WORK ORDER. The lines from the one containing "Hejlsminde Strand, Hejls, Denmark" through the last line below, both ends included, must be reproduced exactly, with no pictures.

SOURCE DATA.

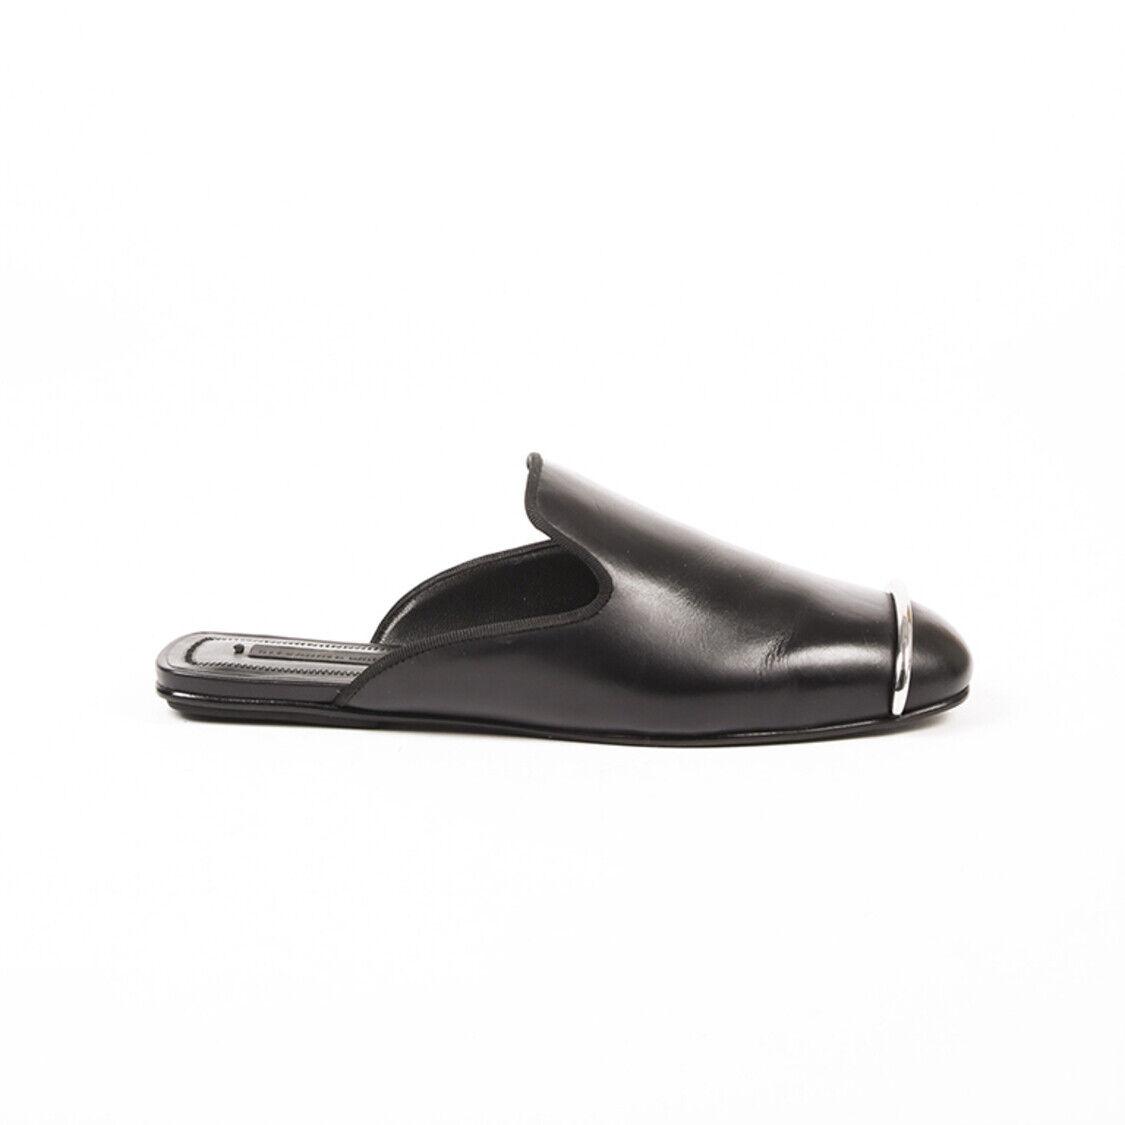 Alexander Wang Jaelle cuir noir bout carré Mules SZ 35
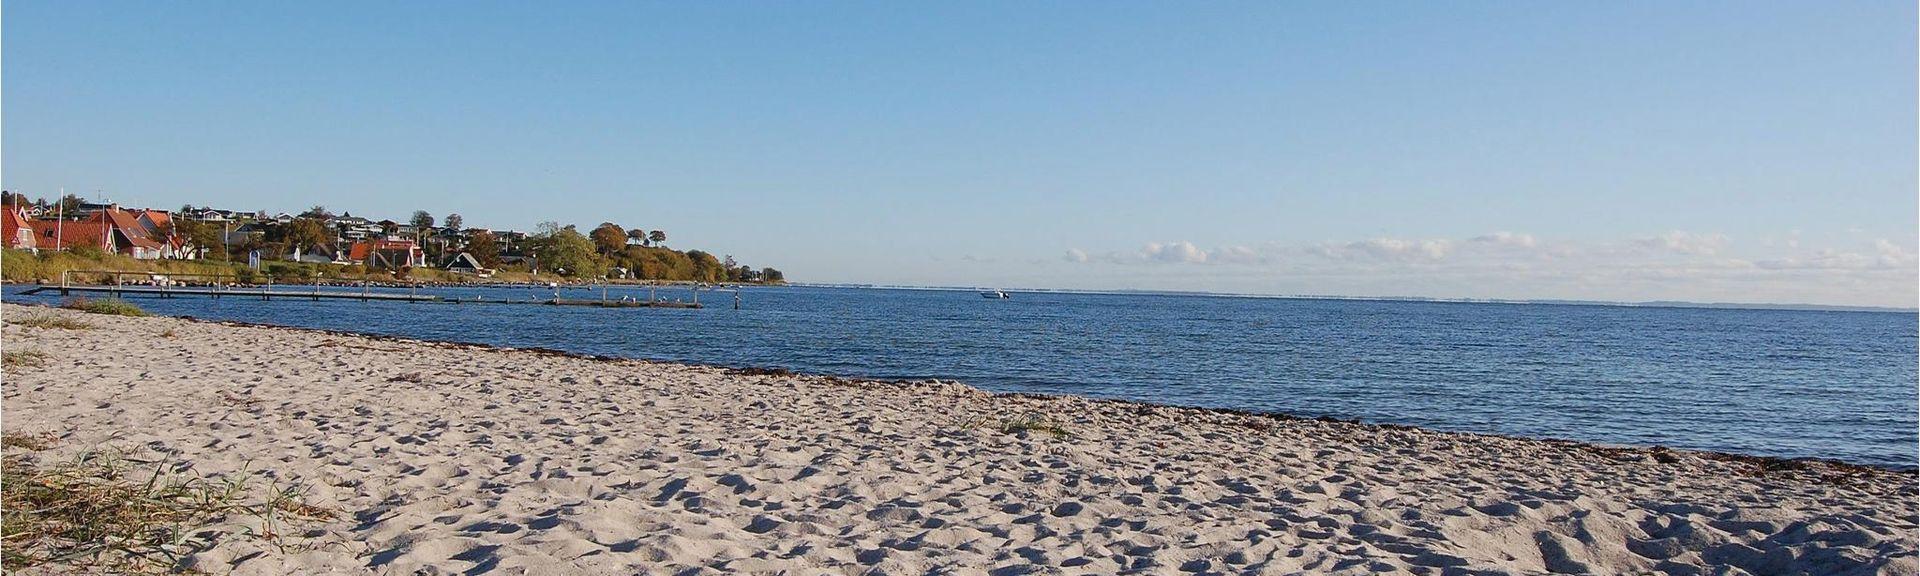 Hejlsminde Strand, Hejls, Denmark
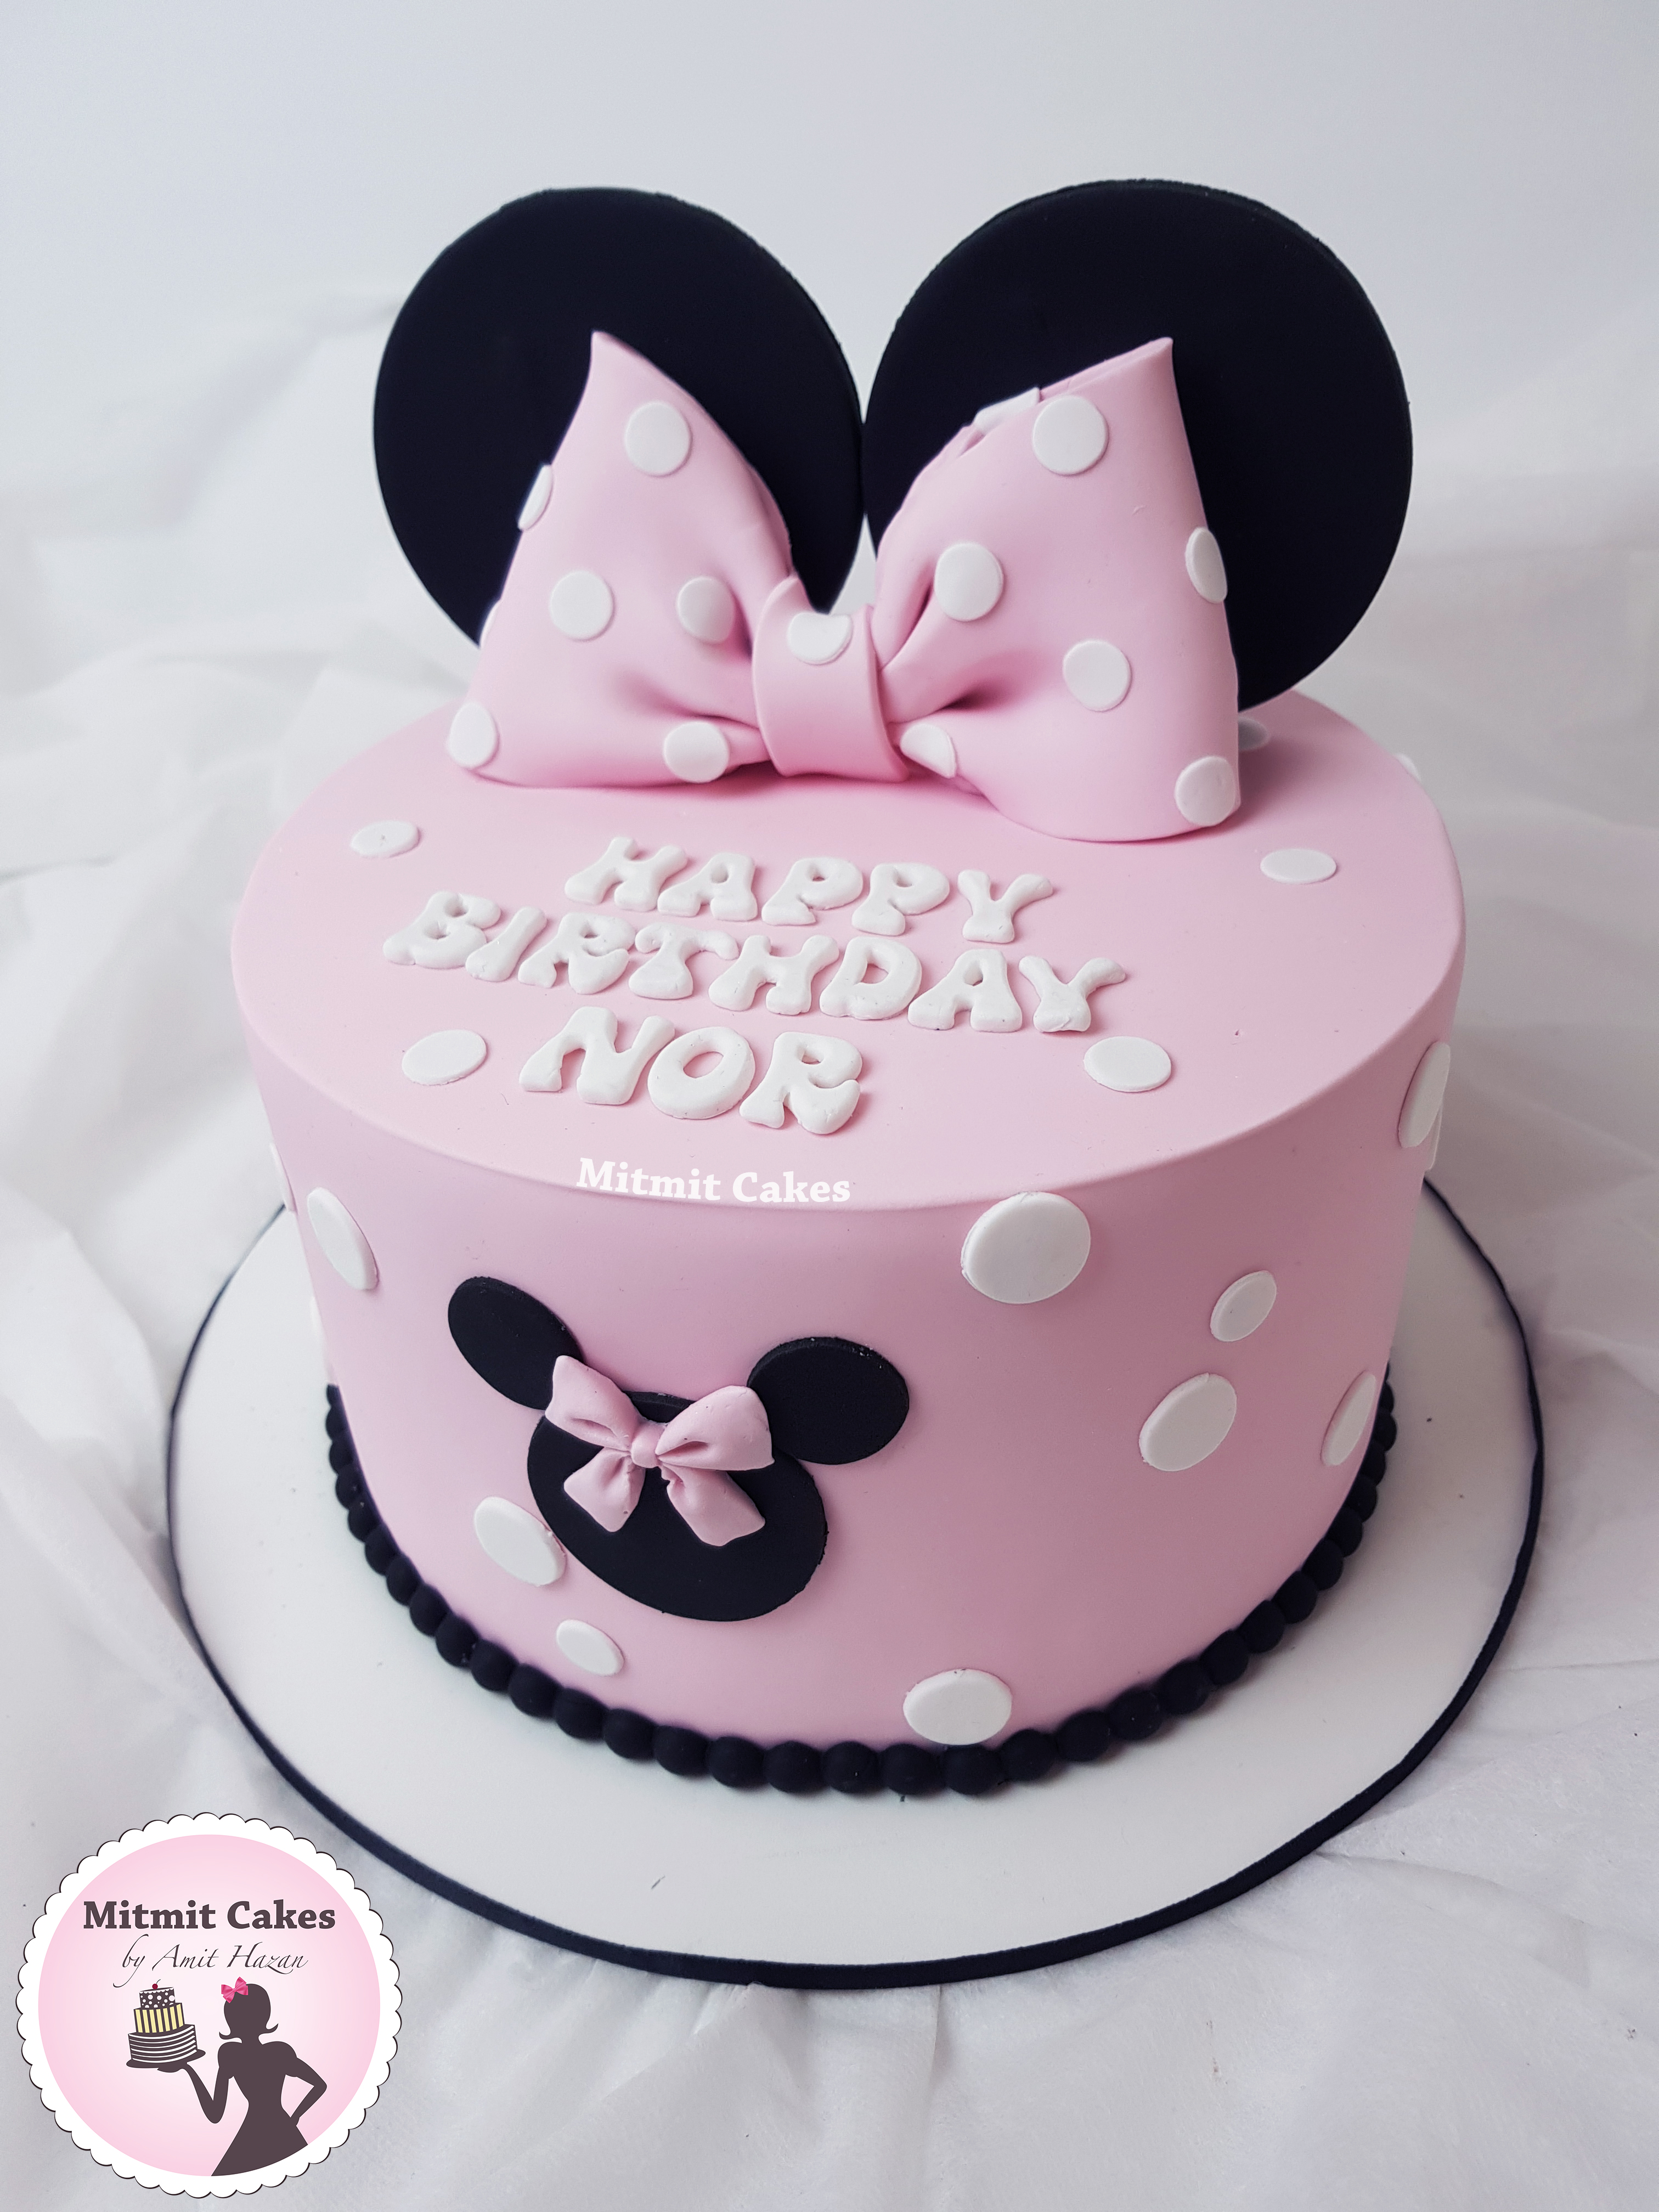 עוגת מיני מאוס
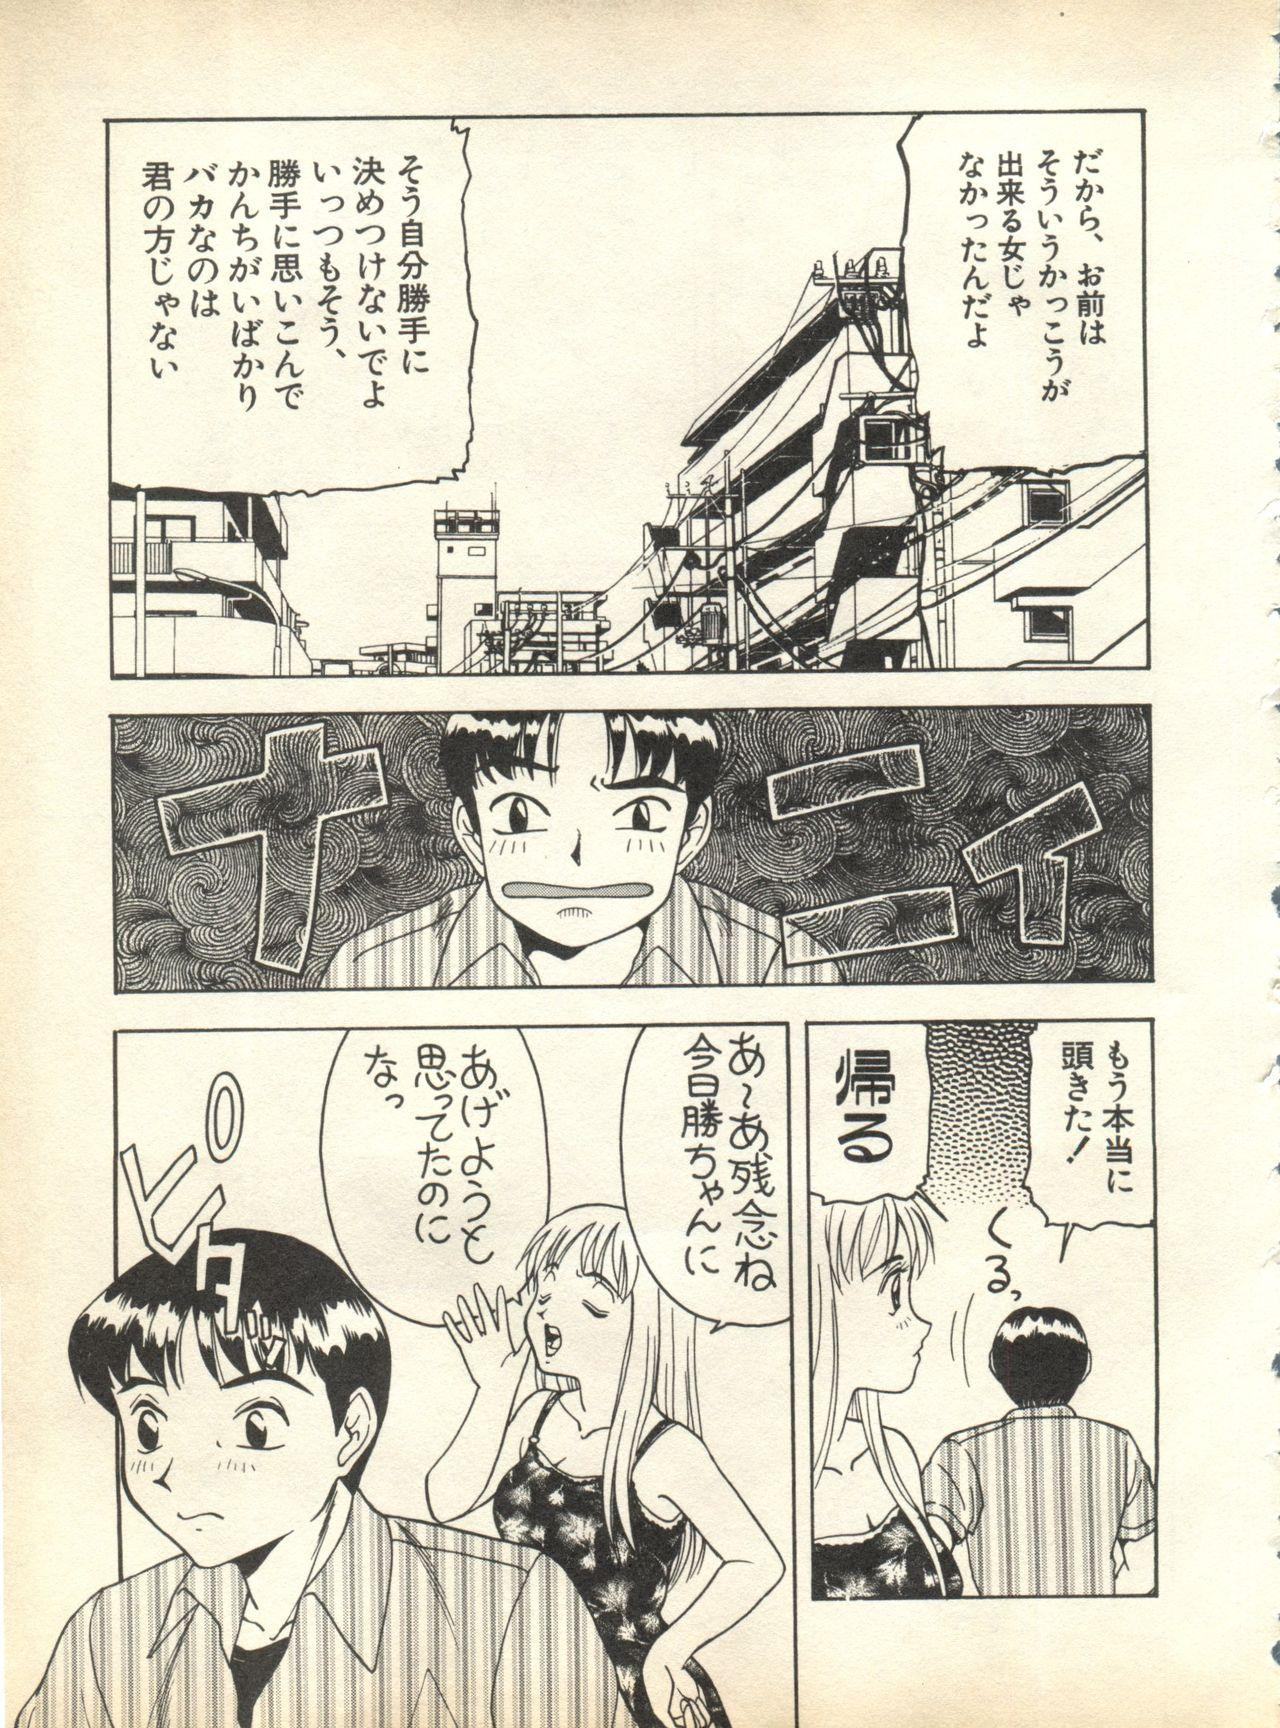 Pai;kuu 1998 October Vol. 13 220

TASK OUTPUT.
 Hejlsminde Strand, Hejls, Denmark
 עוגת מיני מאוס
 Pai;kuu 1998 October Vol. 13 220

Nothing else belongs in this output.